In the new experiments, funded by the National Institutes of Health and the National Institute of Mental Health, Gammie and Nelson exposed normal, non-altered mouse moms to strange males and tested their brains for transcription factors known as pCREB and cFOS. Both pCREB and cFOS have been linked to nerve cell activity by other labs.
Some of the regions highlighted in the new experiment have shown up before in experiments by Gammie and other researchers.
For example, the paraventricular nucleus has been linked to aggression in related research into the behavior of prairie voles. Voles are also rodents and look like a stout mouse or rat, but are more closely related to lemmings and muskrats than to mice.

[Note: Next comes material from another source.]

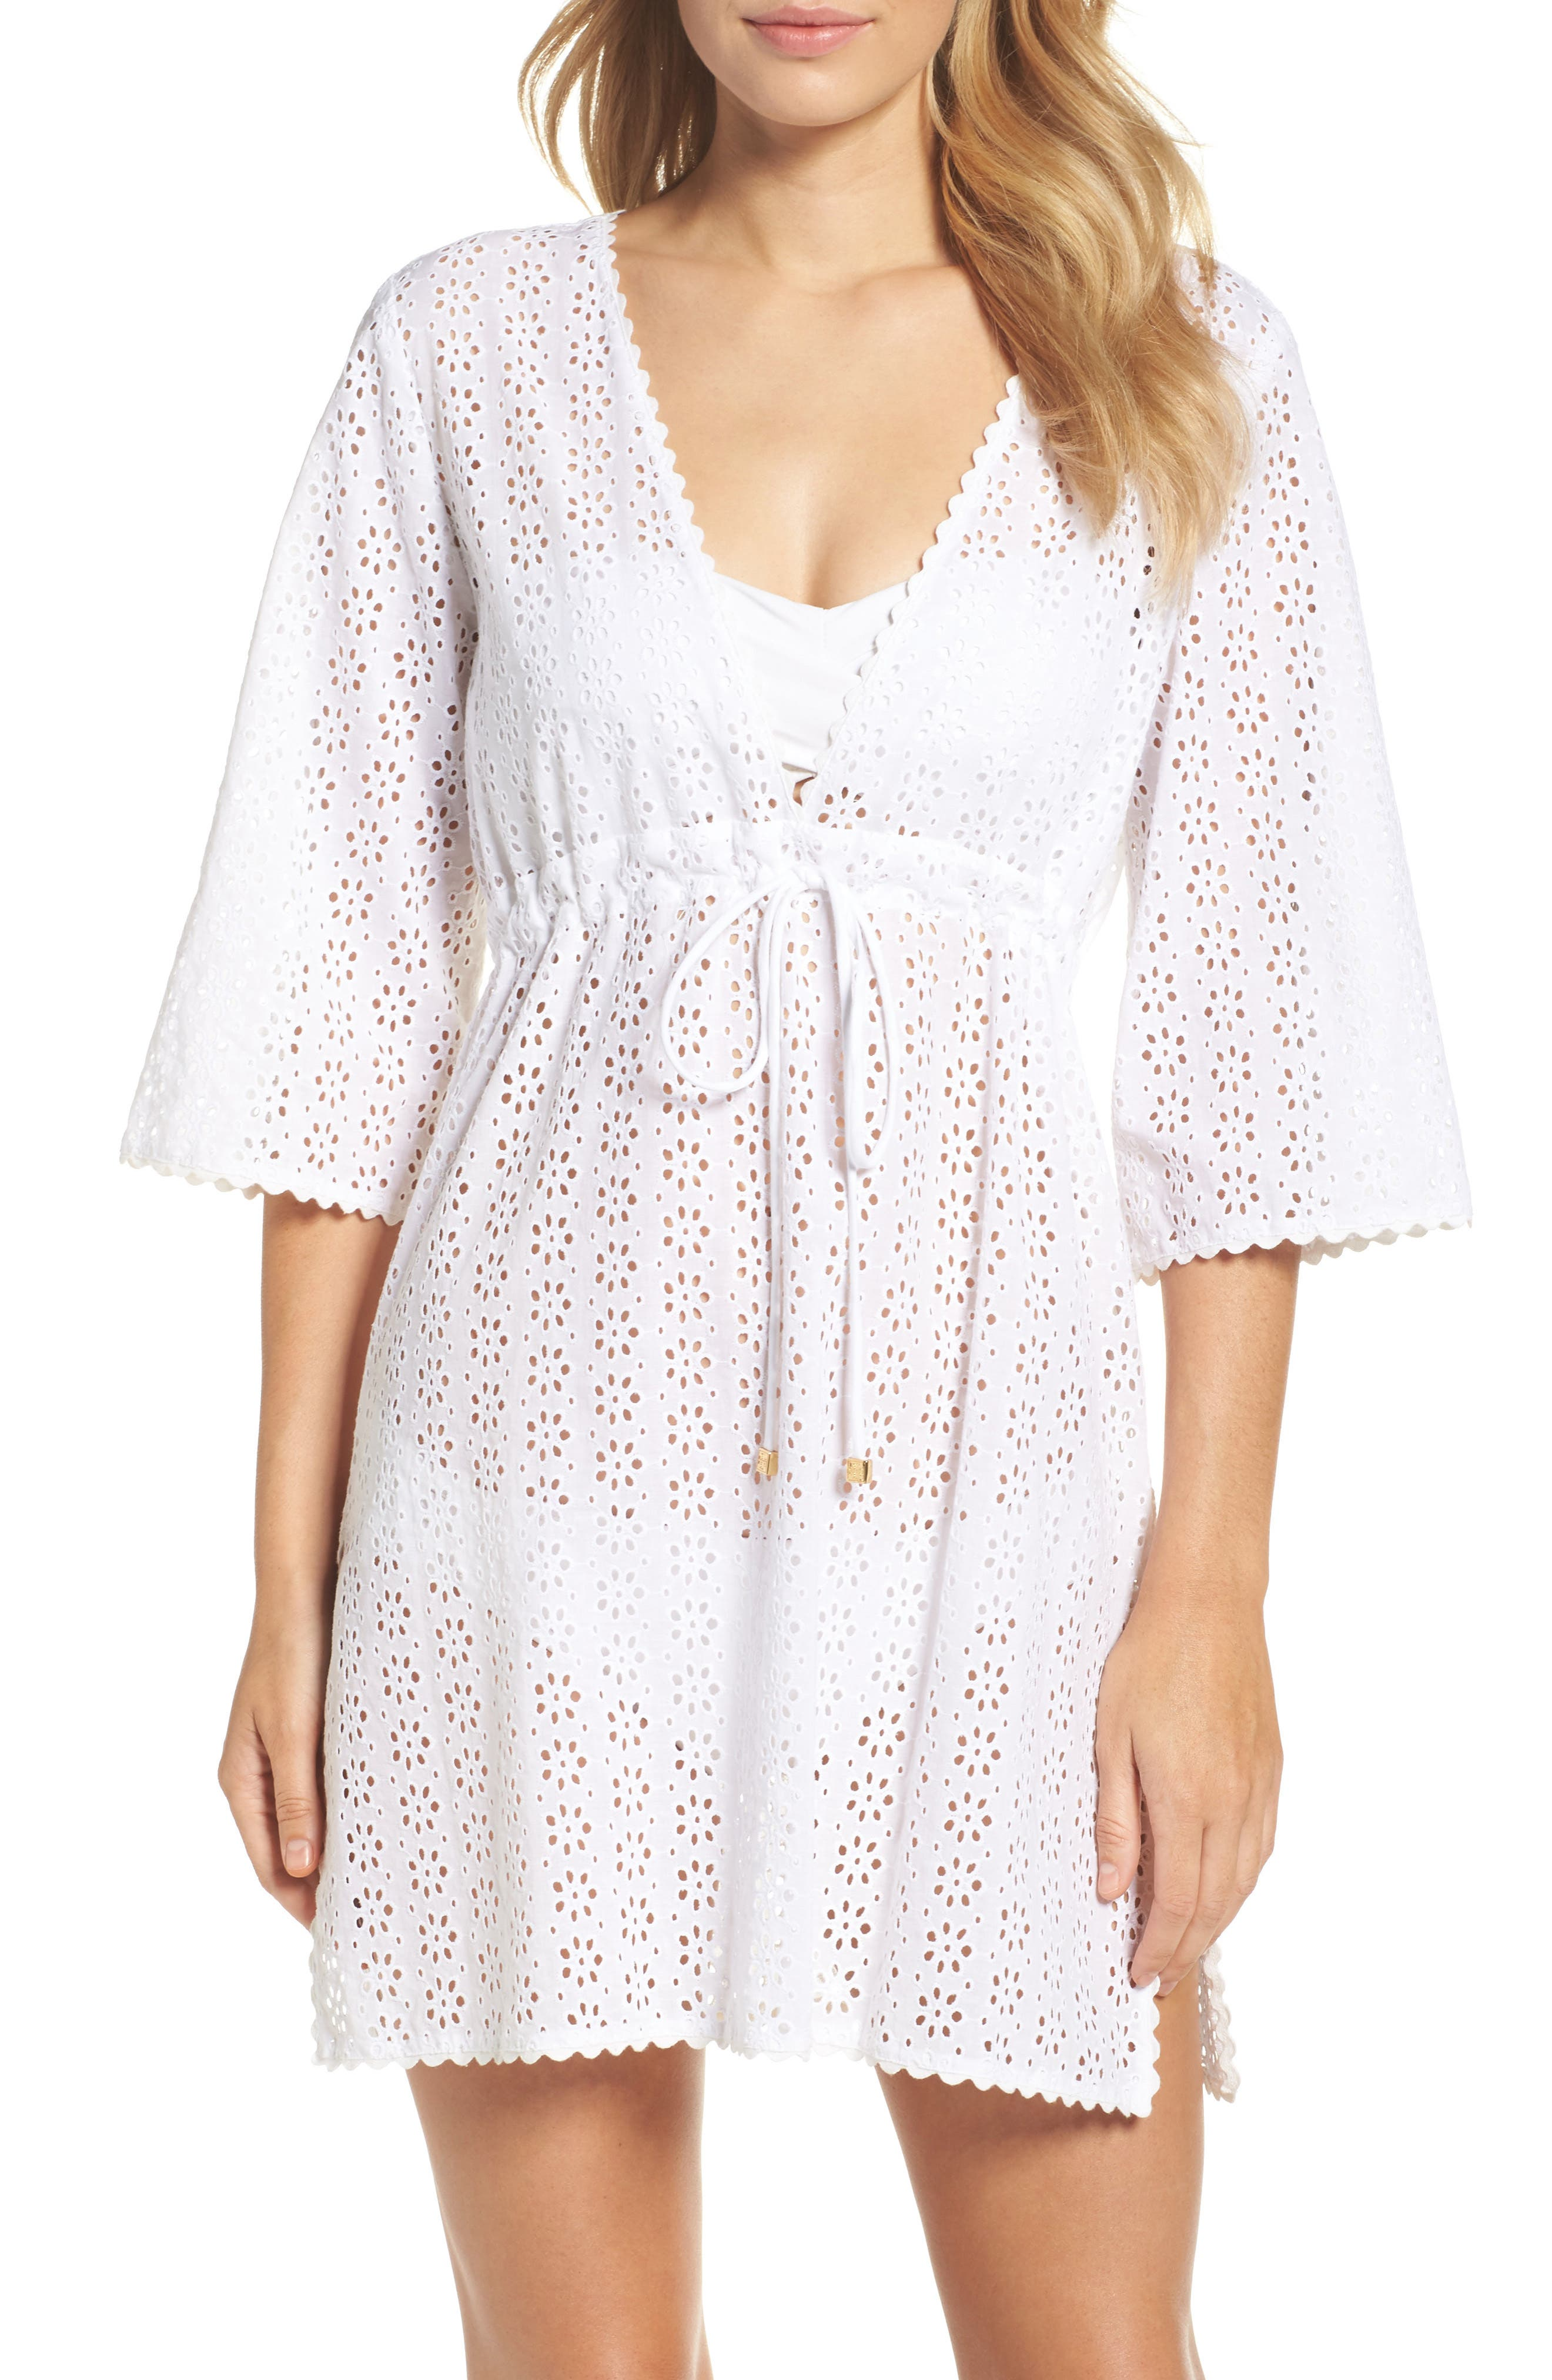 Broderie Anglais Cover-Up Dress,                         Main,                         color, 100

The paraventricular nucleus is located in the hypothalamus, a brain area where environmental stimuli are integrated with internal signals from the brain, and a response to the stimuli begins to be produced.
"We're not there yet, but the pieces of the puzzle are starting to come together," Gammie says. With a list of likely suspects based on the research of Gammie and others, neuroscientists can begin to consider more precise pharmacological manipulation of the brain to zero in on the brain circuitry that produces aggression.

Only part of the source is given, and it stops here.